The news today that Republican leadership are just trying to calm down their divided ranks doesn’t truly address the problem.

Hypothetically, the Republican Party constituents include:

  • 1% of Americans who are the wealthiest
  • 15% of Americans who are in the upper middle class and trending to be wealthy
  • 10% right-wing conservative ideologues who frankly are not very bright, in include bigots of all sorts

The grand total is 26% of Americans.

There might be another 10% who would prefer to be fiscally conservative, and who might vote as Republicans if Conservatives didn’t rule the roost. Still, the total does not equal anything close to that required to win a national presidential election.

Democrats on the other hand might hypothetically look like this:

  • 35% middle class Americans and trending toward poverty
  • 15% impoverished Americans

That totals 50%. Add to that the drifters from the would-be Republican ranks that might be 14%. The question is, how many from the American drifters do Republicans, and Democrats get?

Since half of impoverished Americans won’t vote, that makes elections competitive because there are enough undecided voters who can go either way.

At any rate, Republicans cannot be themselves a divided party and win elections.

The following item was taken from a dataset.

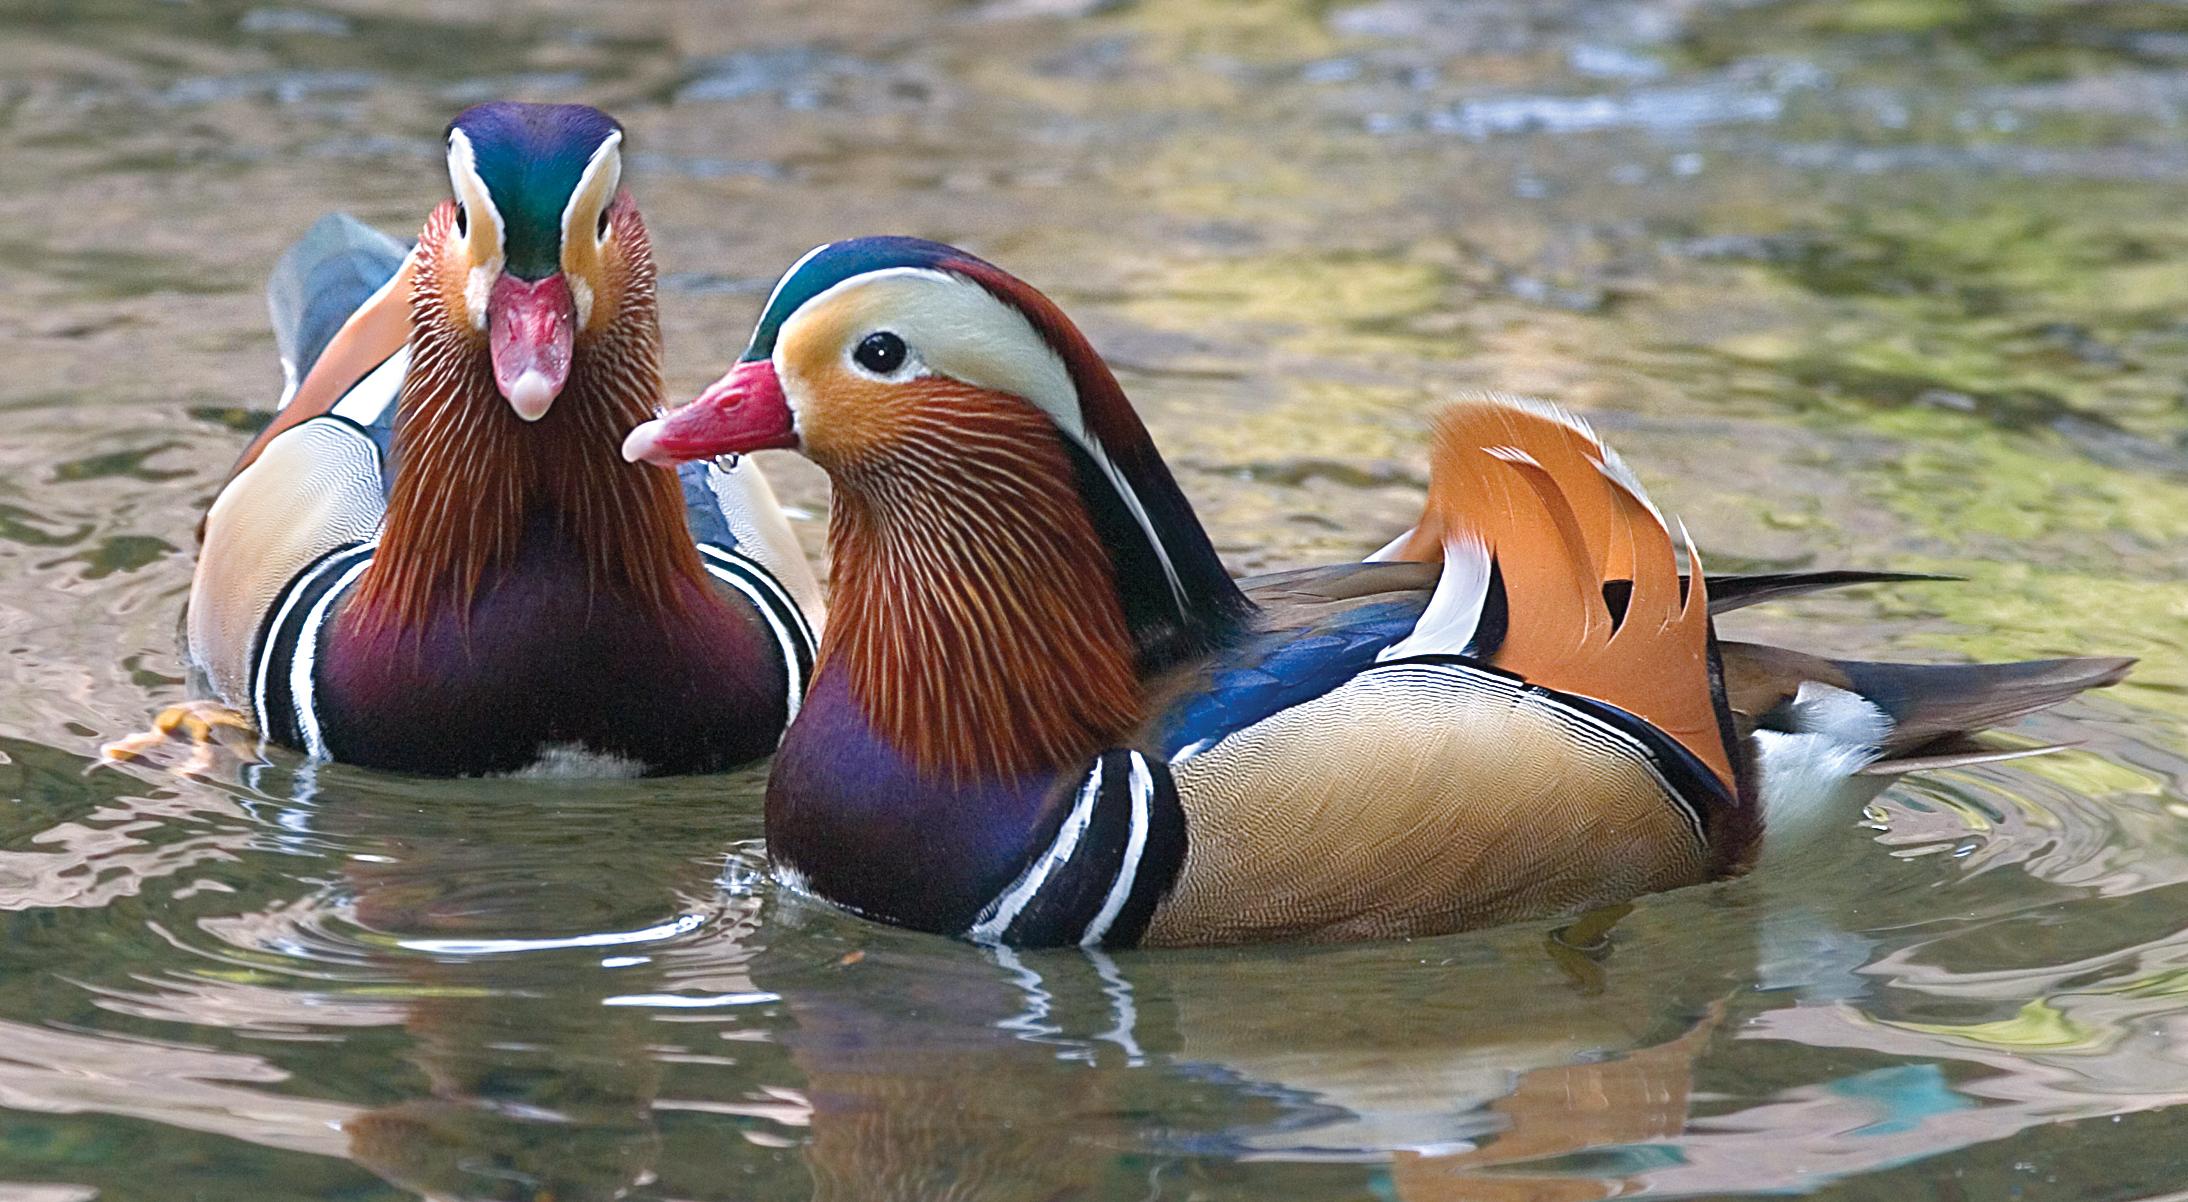 Rick Sammon's Birds033.jpg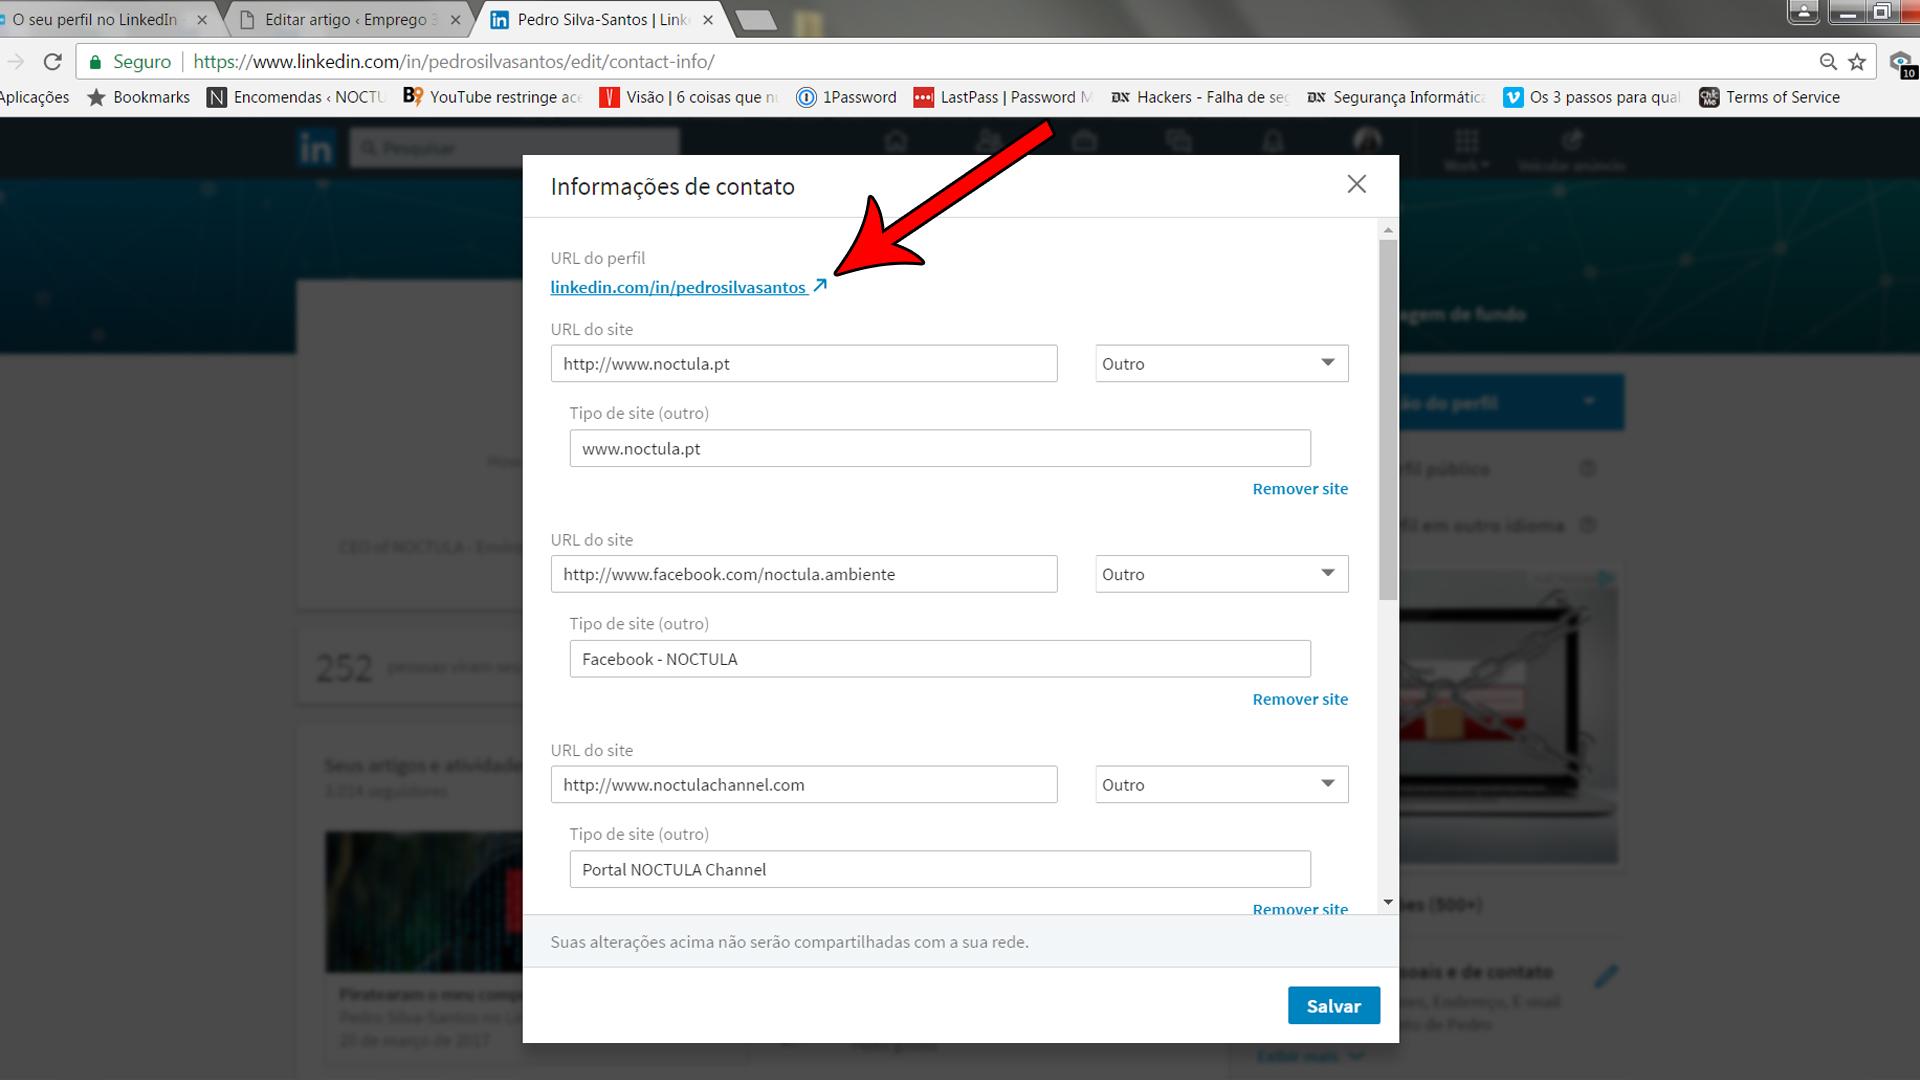 Setting up a profile on LinkedIn_02b

“Congressional Republicans are focused on calming their divided ranks

By Robert Costa, Published: February 17

After a tumultuous week of party infighting and leadership stumbles, congressional Republicans are focused on calming their divided ranks in the months ahead, mostly by touting proposals that have wide backing within the GOP and shelving any big-ticket legislation for the rest of the year.

Comprehensive immigration reform, tax reform, tweaks to the federal health-care law — bipartisan deals on each are probably dead in the water for the rest of this Congress.”